Task statement:
Lines from the one with "Energizer AA Cell" to the end of the material, both included: print them exactly and print nothing else. Omit the pictures.

Data segment:
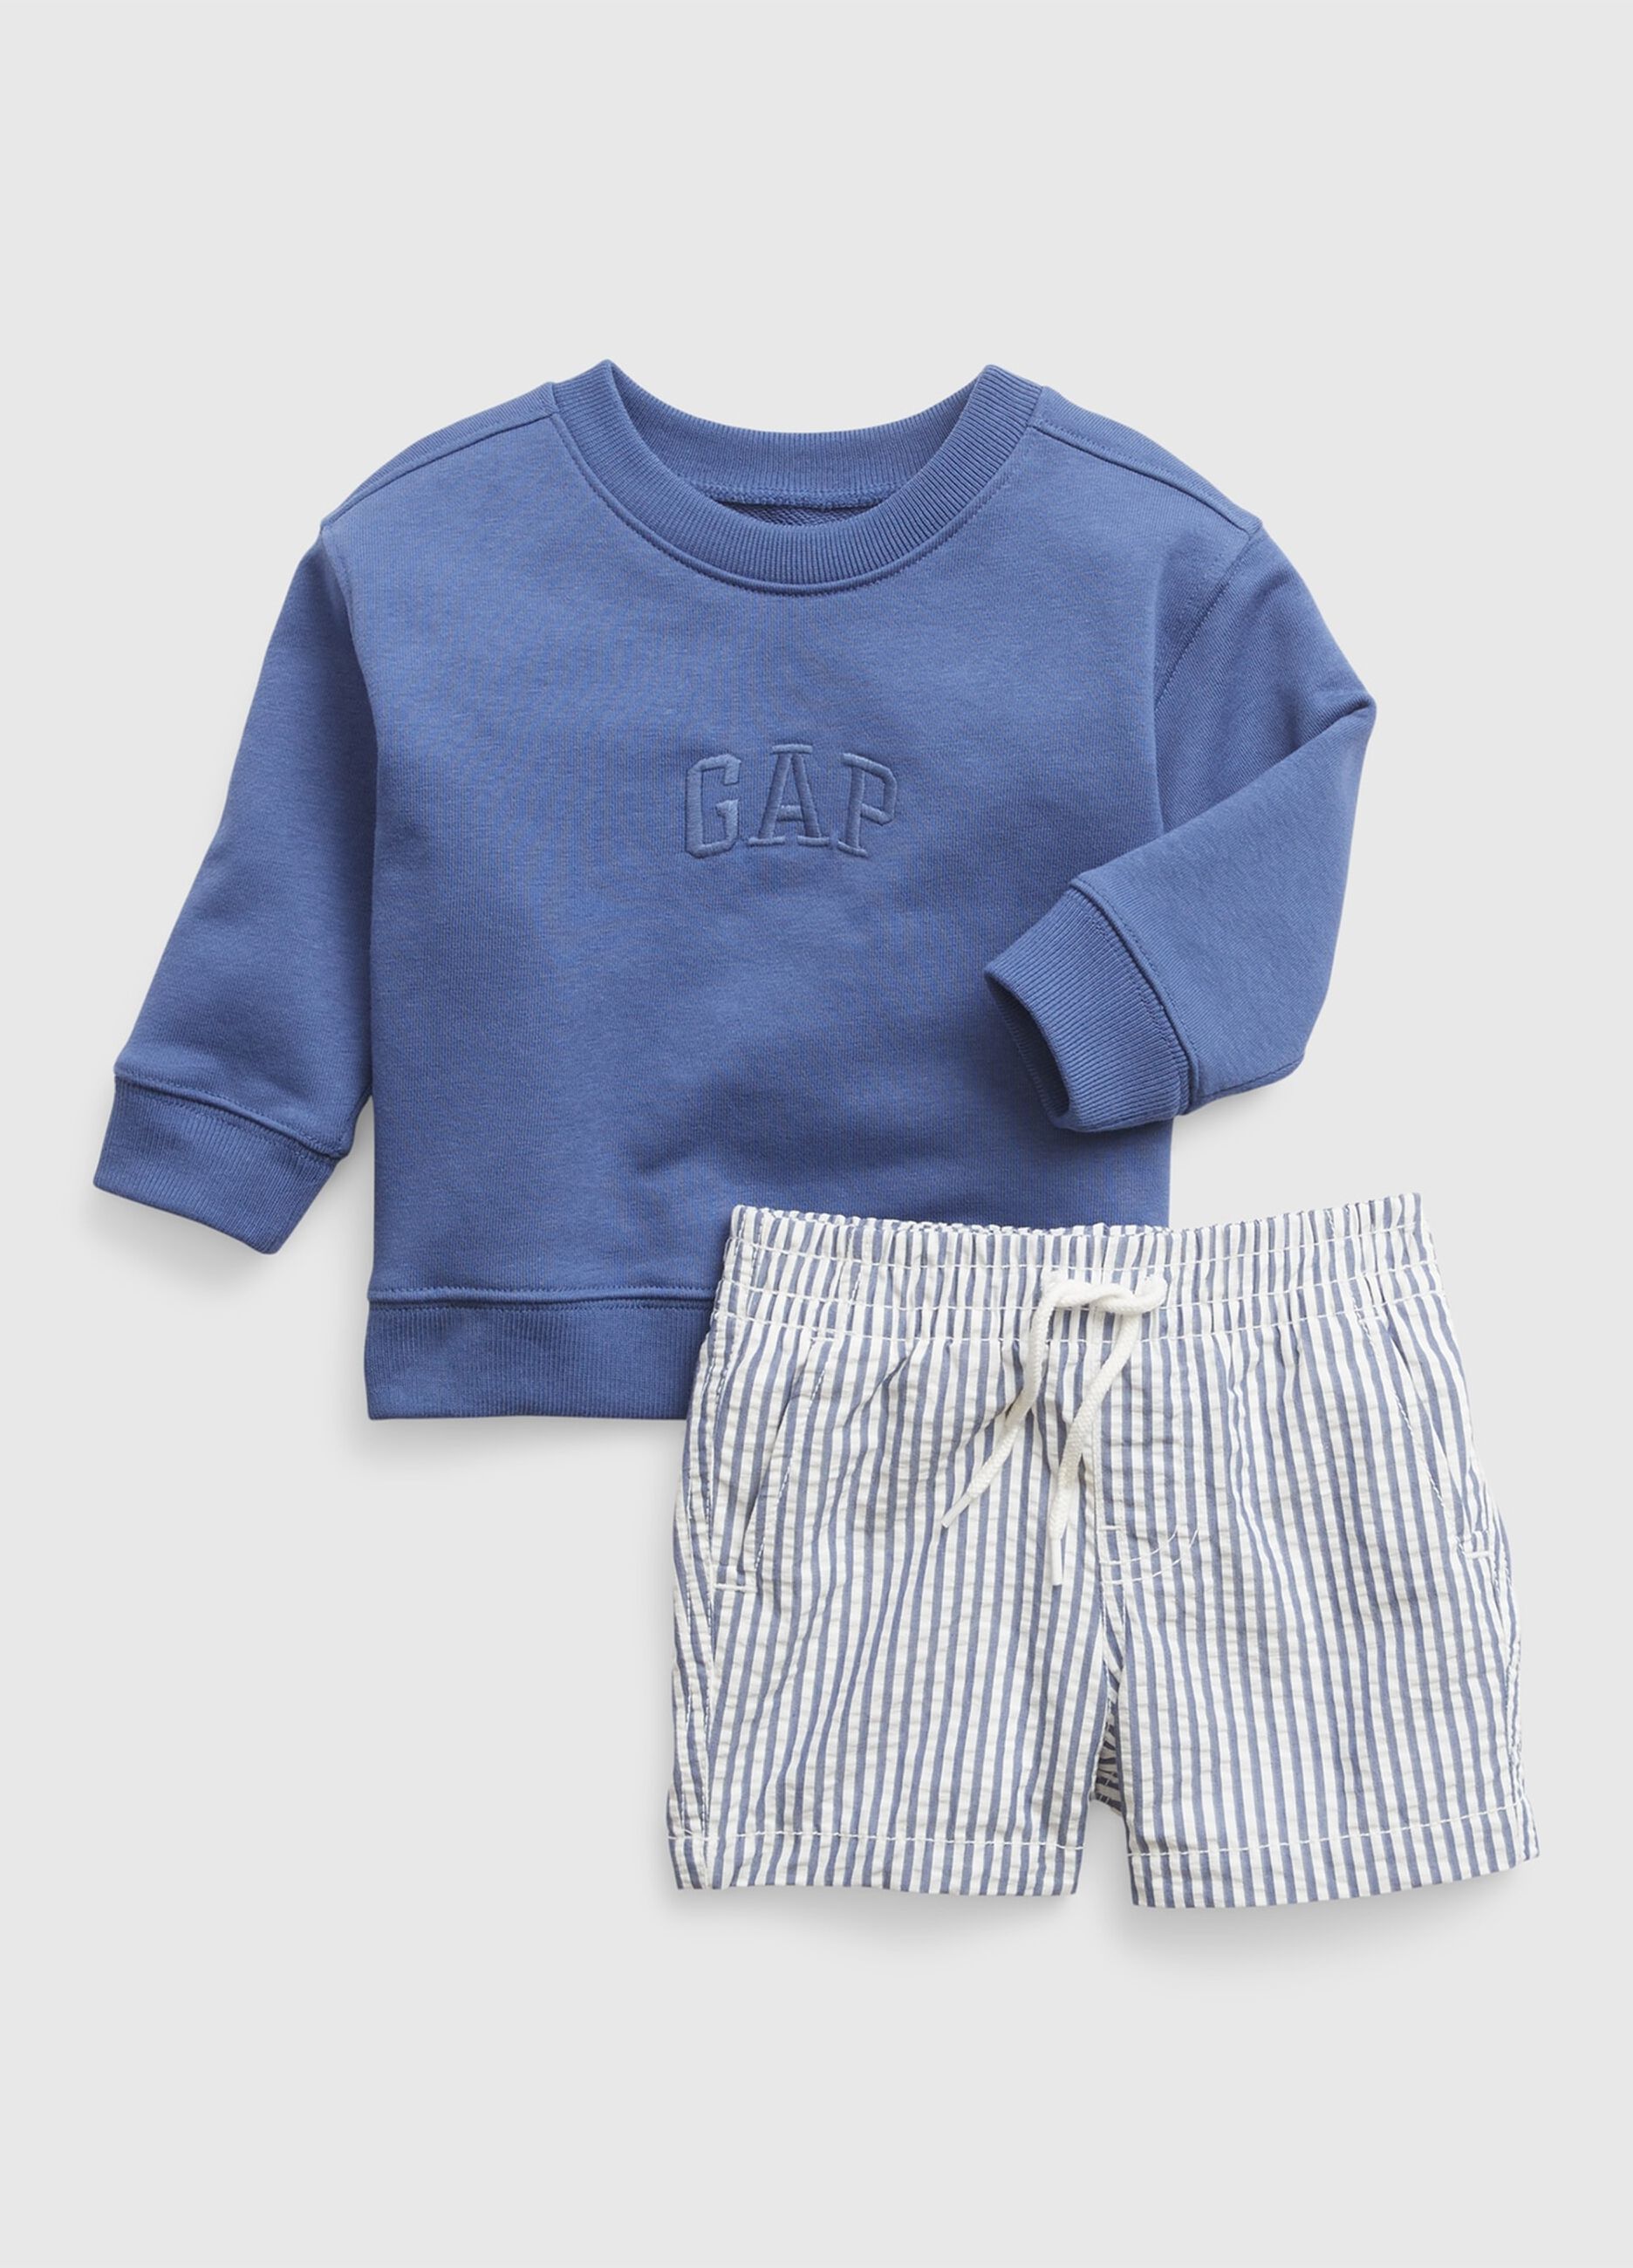 Jogging set with sweatshirt and shorts in cotton
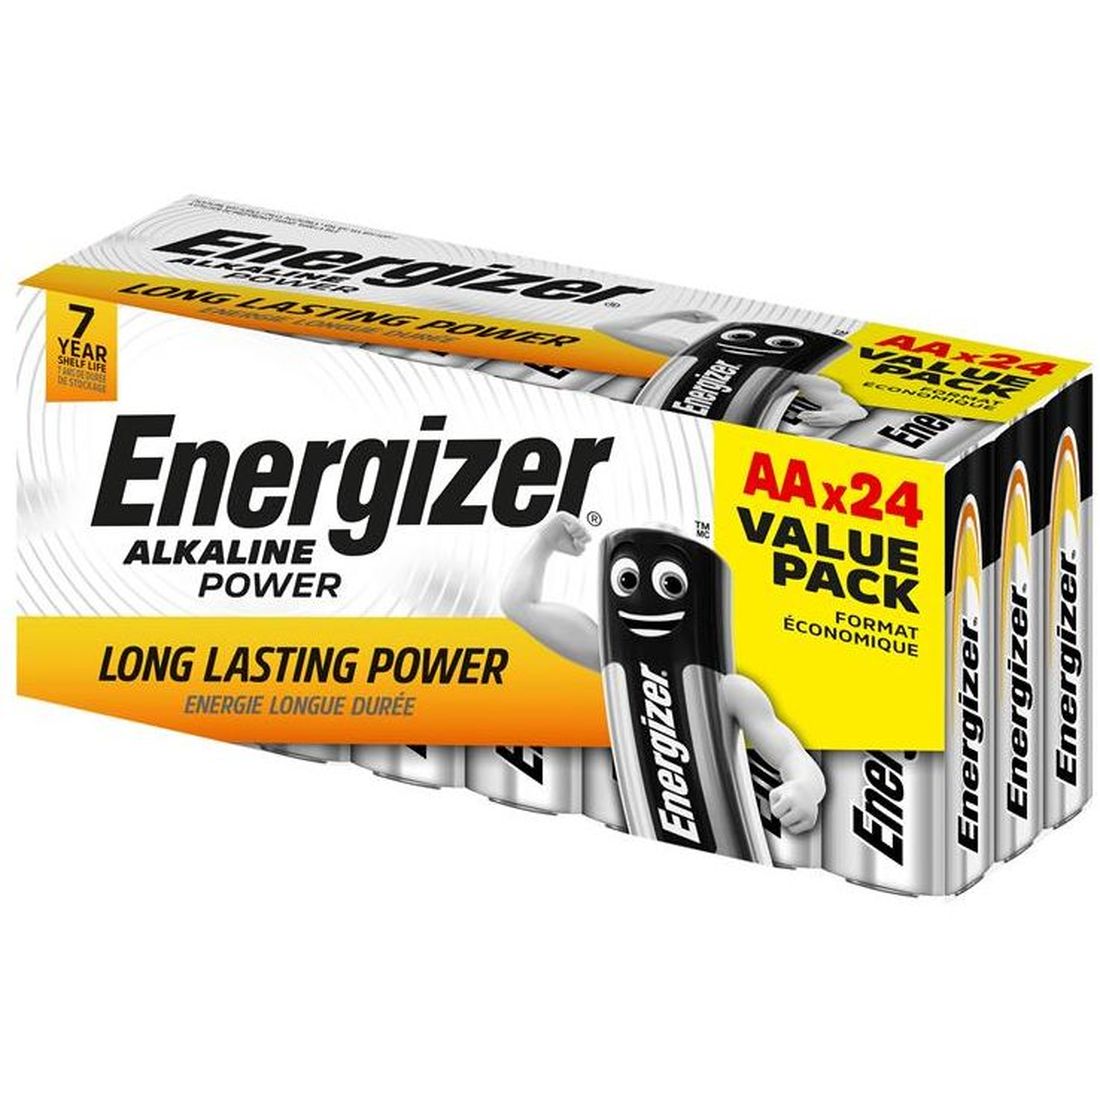 Energizer AA Cell Alkaline Power Batteries (Pack 24)                                      
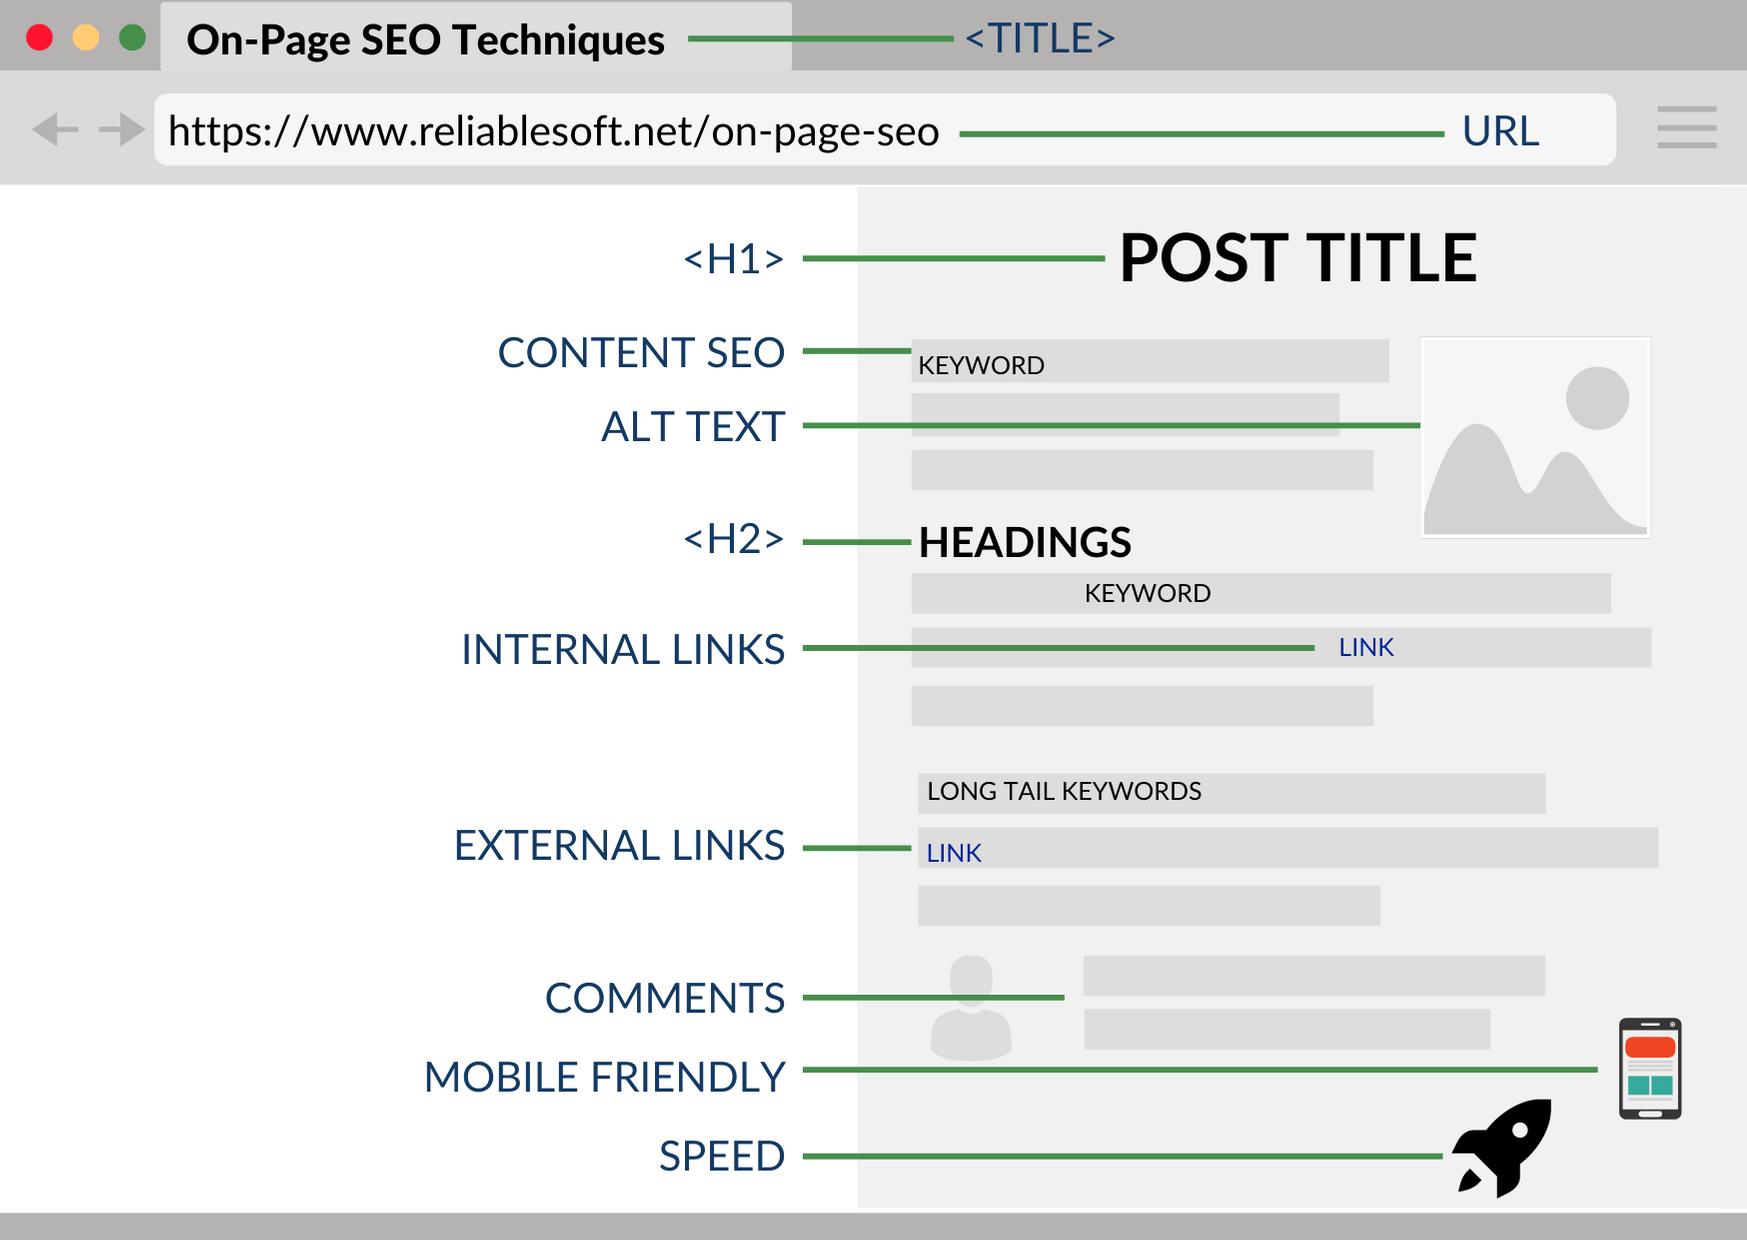 Importance of Long Tail Keywords & Automation in SEM

Response to this exercise:
 Energizer AA Cell Alkaline Power Batteries (Pack 24)                                      
 Importance of Long Tail Keywords & Automation in SEM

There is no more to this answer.